Piskoposlukların iç özyönetimi, iktidardaki piskopos ve din adamlarının liderliğindeki din adamlarından oluşan sinodlar aracılığıyla gerçekleştirilir. Piskoposluk sinodları, decanties sinodları tarafından seçilir (piskoposluk ve cemaat arasında her yerde bulunmayan bir ara düzey). Dekanlık meclisleri, piskoposluğun özyönetiminin en alt düzeyi olan mahalle konseylerinin üyelerinden oluşur. Cemaat konseyine genellikle papaz veya rektör adı verilen bir rahip başkanlık eder ve konsey aynı zamanda cemaatin müdürünü ve üyelerini de içerir. Mahalle meclisinin asıl görevi iç sorunları çözmektir.

İngiltere Kilisesi'nin mülkiyeti ve maliyesi

1704 yılında kilise mülkünün yeniden canlanması sözde başladı. Kiliseye "yoksul din adamlarının bakımı için" bir sübvansiyon sağlayan "Kraliçe Anne'nin hediyesi" (1702-1714). Başlangıçtan beri XIX yüzyıl İngiltere Kilisesi kalıcı bir devlet kazanmaya başladı. harcamaları parlamento tarafından kontrol edilen sübvansiyonlar (1809). 1936'dan bu yana kilise vergileri kaldırıldı (bkz. Kilise vergileri) ve bu nedenle İngiliz Parlamentosu Kilise'ye bir defaya mahsus olmak üzere 70 milyon sterlin tazminat ödedi. Durum organizasyon İngiltere Kilise Komiserleri mali durumu ve kiliseyi kontrol eder. A. Ts'nin mülkü Kilisenin gelirinin büyük kısmı bağışlardan geliyor. 1998 yılında İngiltere Kilisesi, 13 bini mimari ve tarihi anıt olarak kabul edilen 42 katedrale ve 16 bin kiliseye sahipti. Son 10 yılda 131 yeni kilise inşa edildi. Kilisenin yetkisi altında yaklaşık. 5 bin okul.

Kilise hiyerarşisi

Piskoposluğun ve din adamlarının 3 dereceli hiyerarşisinin korunması, A.C.'yi diğer Protestanlardan ayıran yapısının temel prensibidir. Kiliseler. A. Ts, 16. yüzyıldaki Reformasyon sırasında ısrar ediyor. VIII. Henry zamanından itibaren kilisenin hiyerarşileri Katolik'e uygun olarak atandığı için havarisel mirası korudu. gelenek. Anglikanların tarihi havarisel mirasını inkar eden Roma ile bu konuda uzun bir tartışma yaşandı. din adamları olduğu gerekçesiyle Matthew Parker, 1. Başpiskopos. A. Ts., Elizabeth I tarafından restorasyonundan sonra, Karşı Reformasyon sırasında görüşlerinden mahrum bırakılan piskoposlar tarafından rütbesi verildi. Tartışma sırasında Anglikanlar. Din adamları hakem olarak Rus Ortodoks Kilisesi'ne başvurdu (bkz. Anglikan-Ortodoks ilişkileri), ancak Anglikanların kanonikliğini tanımıyordu. hiyerarşi. Roma'nın bu konudaki tutumu Vatikan II'den sonra yumuşadı. Ayrıca A.T'lerin Eski Katoliklerin otoritesine güvenme arzusu da karakteristiktir. Piskoposları Anglikanların törenine katılmaya davet edilen kiliseler. sözde olanlara iletmek için piskoposlar. "geliştirilmiş ardıllık".

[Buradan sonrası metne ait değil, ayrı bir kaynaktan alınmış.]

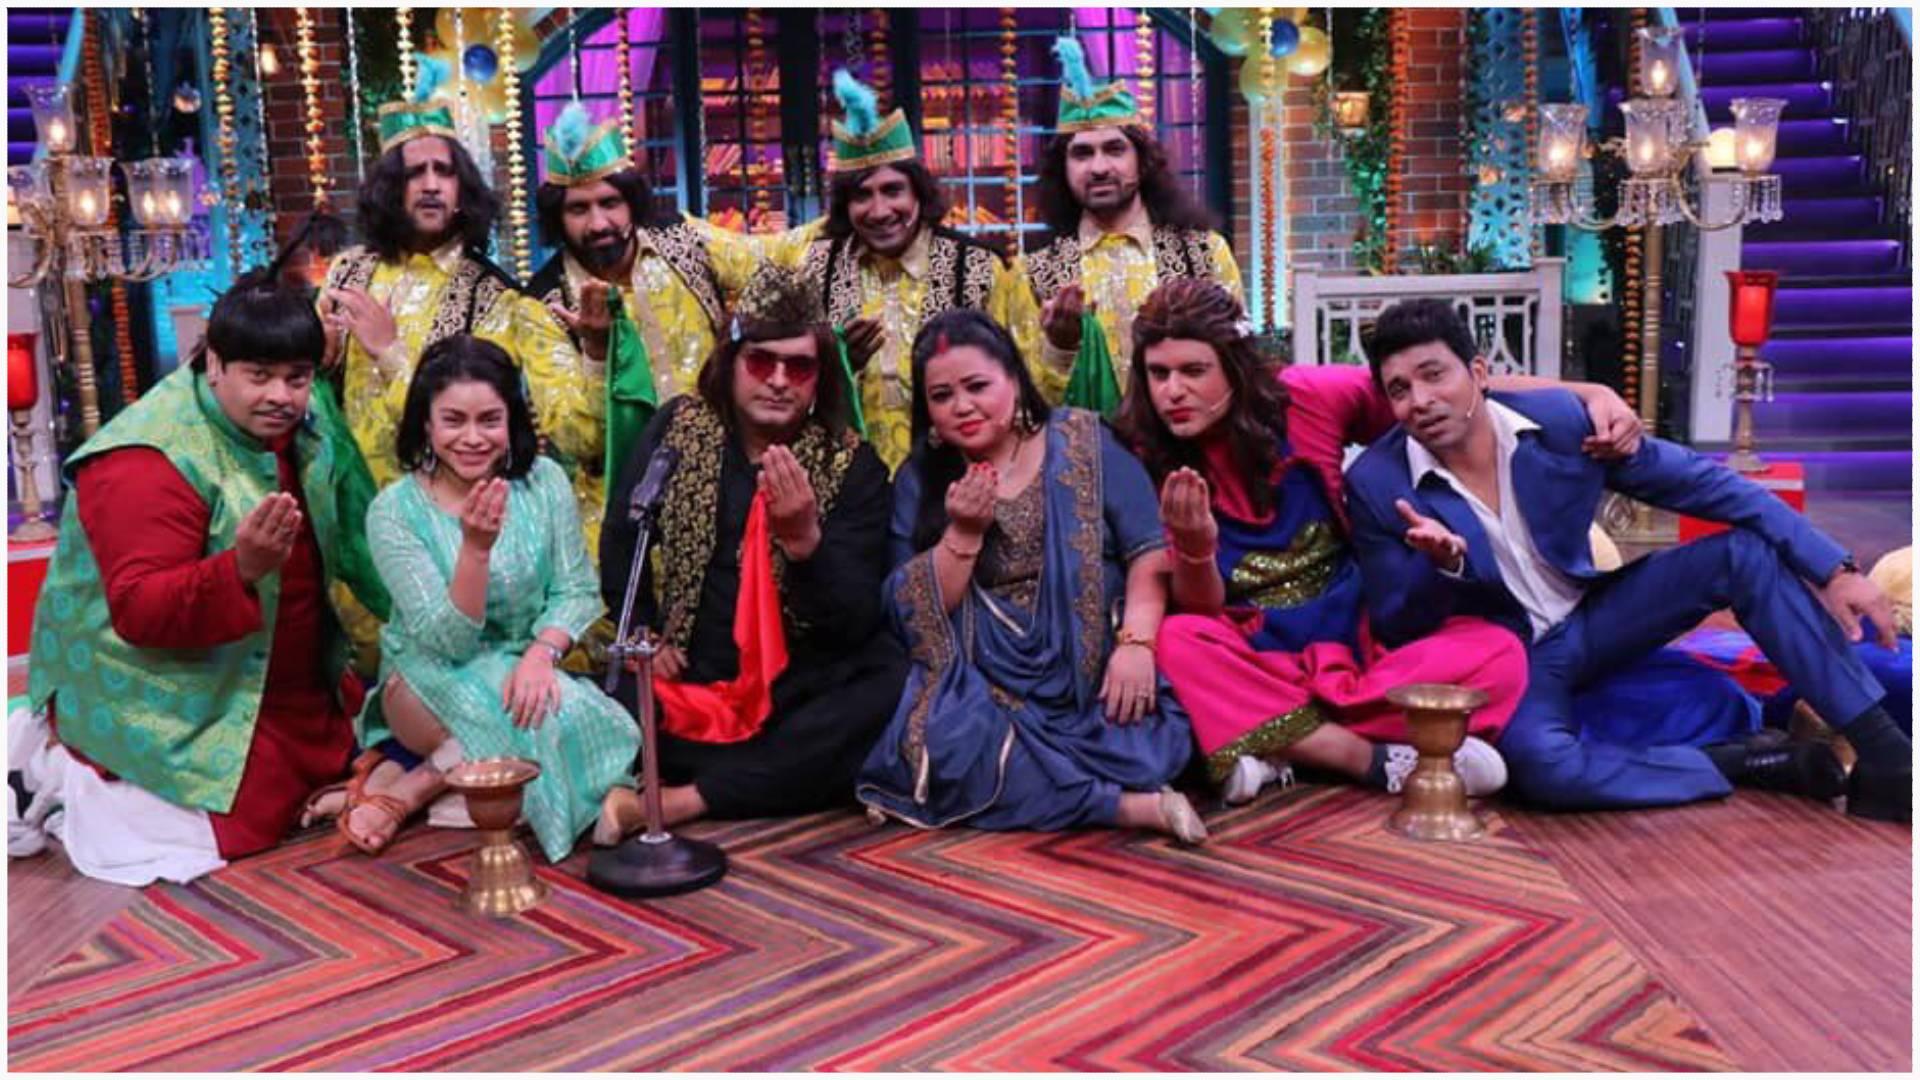 The Kapil Sharma Show: राजेश अरोड़ा-कप्पू सिंह को पीछे छोड़ कपिल शर्मा ने लिया ये नया अवतार, सामने आई पहली झलक

A. Ts., töreni bir kutsallık olarak görmese de, diğerlerinden farklı olarak Protestan olduğu için başlama törenine (kutsama) büyük önem verilmektedir. AC Kilisesi, sınırlı bir süre için doğrudan halktan seçilen yaşlıları tanımıyor. Din adamlarının özel görevi (misyonu) hakkındaki tezi kabul ediyor. Koordinasyon prosedürü ve din adamlarının görevleri, Ortak Dua Kitabı'na eklenen ayrı bir kod olan “Ordinal” ile belirlenir. Devlete göre mevzuatına göre (SR 28, 29 Vict. C. 122), İngiltere Kilisesi'nde rütbesi olan her kişi, Ortak Dua Kitabı'nın Otuz Dokuz Maddesi ile mutabakatını yazılı olarak ifade etmeli, hükümdarın başı olarak hükümdara bağlılık yemini etmelidir. Kilise ve piskoposa kanonik itaat.

Deacon'lar en az 23 yaşında diyakoz olurlar ve yaklaşık bir yıl boyunca hizmet etmeye devam ederler. Bir diyakozun kutsanması, bir piskoposun ellerini onun üzerine koyarak şu formülü okurken gerçekleştirilir: “Tanrı'nın Kilisesi'nde size emanet edilen diyakoz hizmetini yerine getirme yetkisini kabul edin; Baba, Oğul ve Kutsal Ruh adına." Bunu, İncil'in kendisine sunumu ve şu sözlerle takip eder: "Piskopos izin verirse, Tanrı'nın Kilisesi'nde İncil'i okuma ve vaaz etme yetkisini kabul edin." Görevleri: ayin sırasında papaza yardım etmek, Efkaristiya armağanlarını öğretmek, kilisede Kutsal Yazıları okumak. Kutsal yazılar ve vaazlar, papazın yokluğunda çocukları vaftiz etmek, piskoposun izniyle vaaz vermek, çocuklara ilmihal öğretmek, hastaları ziyaret etmek, hayır işleri düzenlemek. Diyakozun Efkaristiya ayini yapmasına ve kutsamayı öğretmesine izin verilmez. Başdiyakozlara, piskopos tarafından, din adamlarının kilise disiplinine uymasının ve kiliselerin ziyaretinin denetlenmesiyle ilgili özel yetkiler verilmiştir.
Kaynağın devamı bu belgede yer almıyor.